Task item |
Any pictures in the records below must be left out when you repeat the lines from the line containing "human_trafficking_20150327042256" through the line containing "銀閣寺の雪の白と苔の緑の綺麗なコントラスト" exactly.

Materials provided |
++++
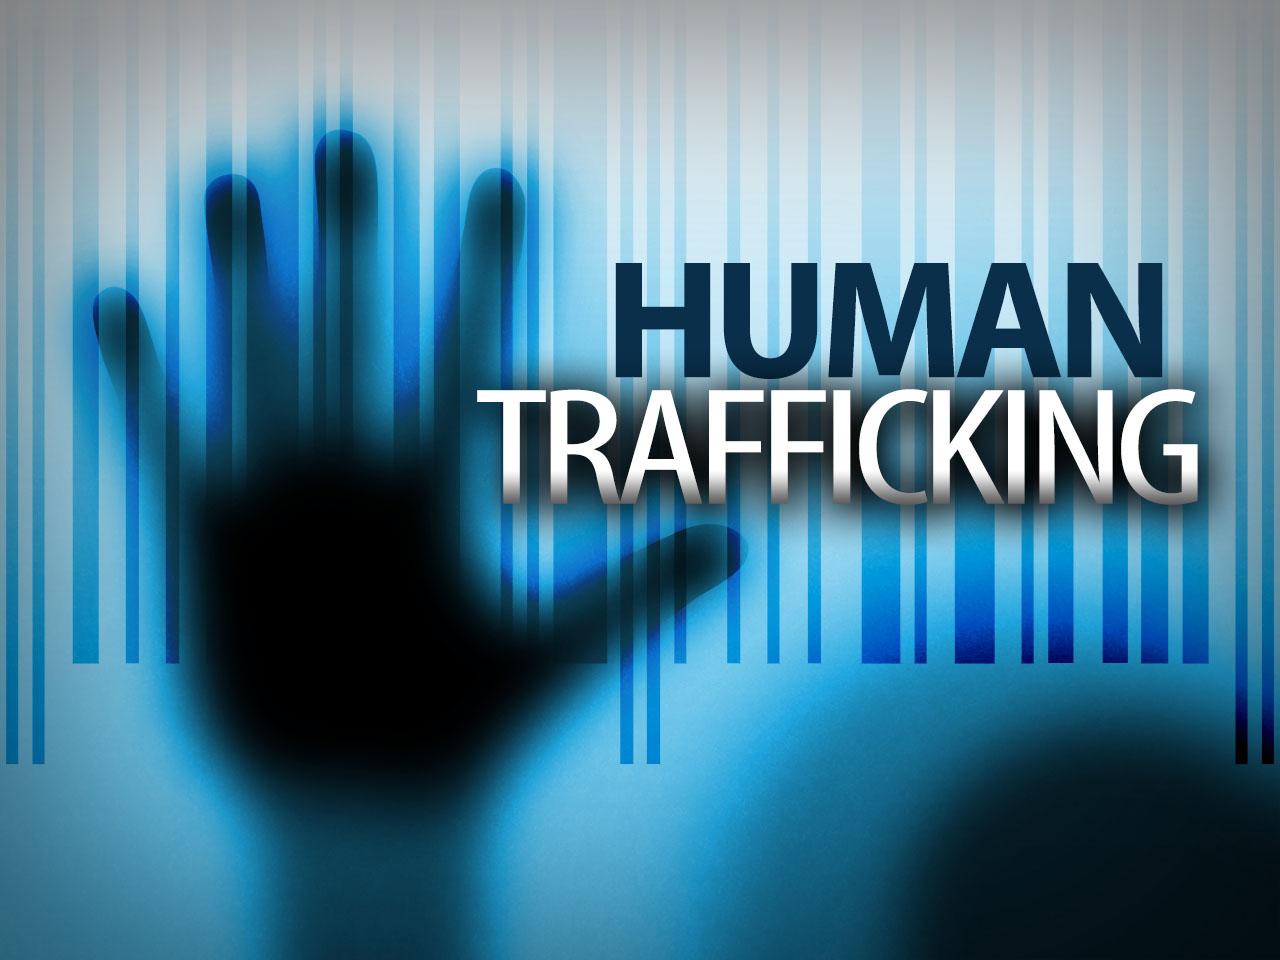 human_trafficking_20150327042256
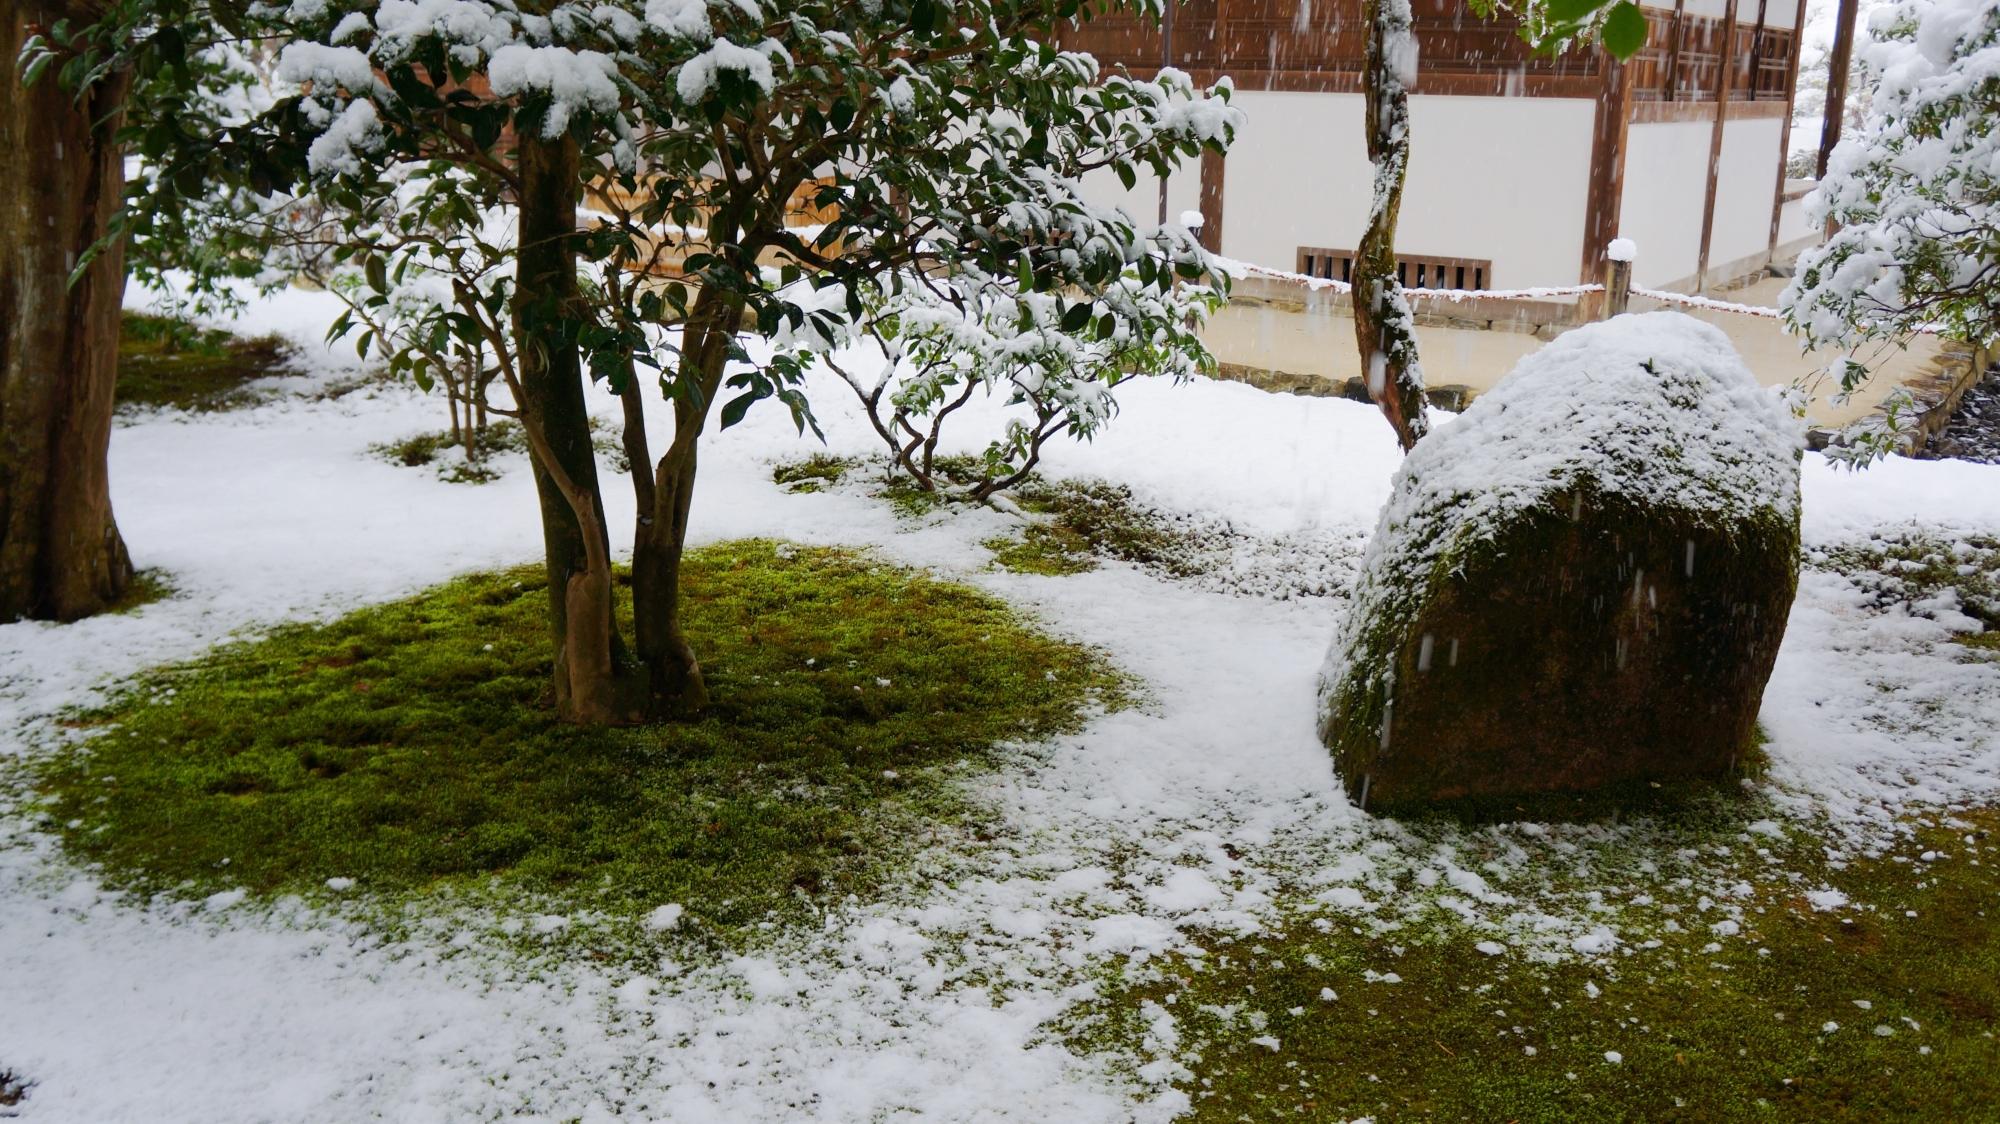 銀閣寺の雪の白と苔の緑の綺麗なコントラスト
++++
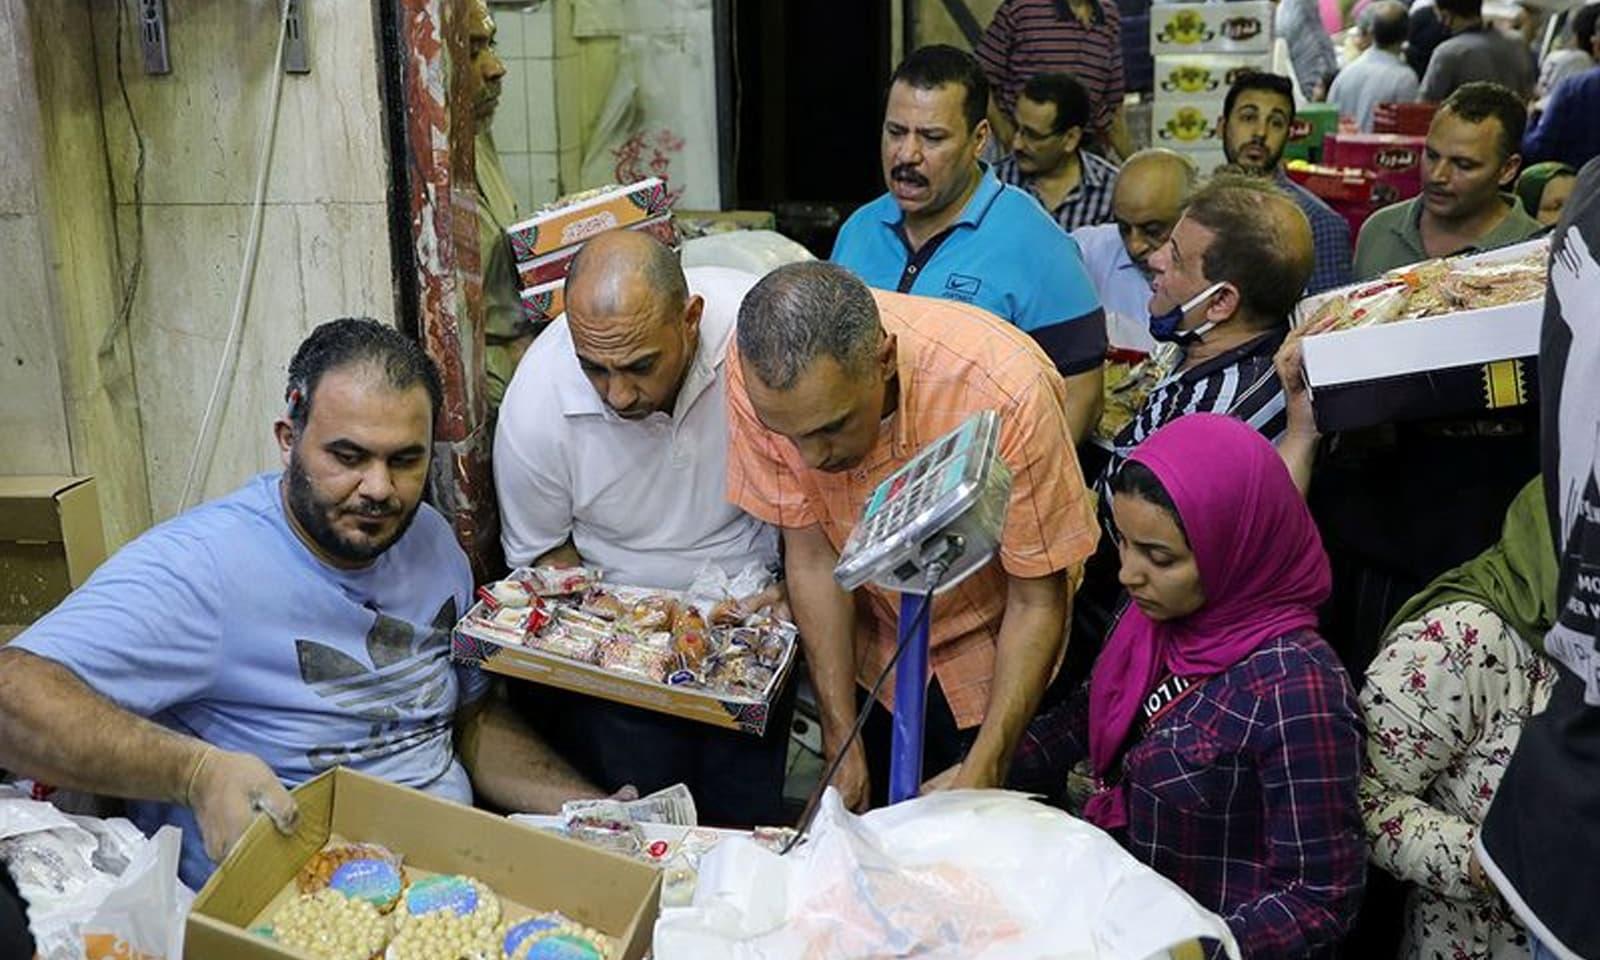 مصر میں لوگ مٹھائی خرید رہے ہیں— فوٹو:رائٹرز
++++
Final answer |
 human_trafficking_20150327042256
 銀閣寺の雪の白と苔の緑の綺麗なコントラスト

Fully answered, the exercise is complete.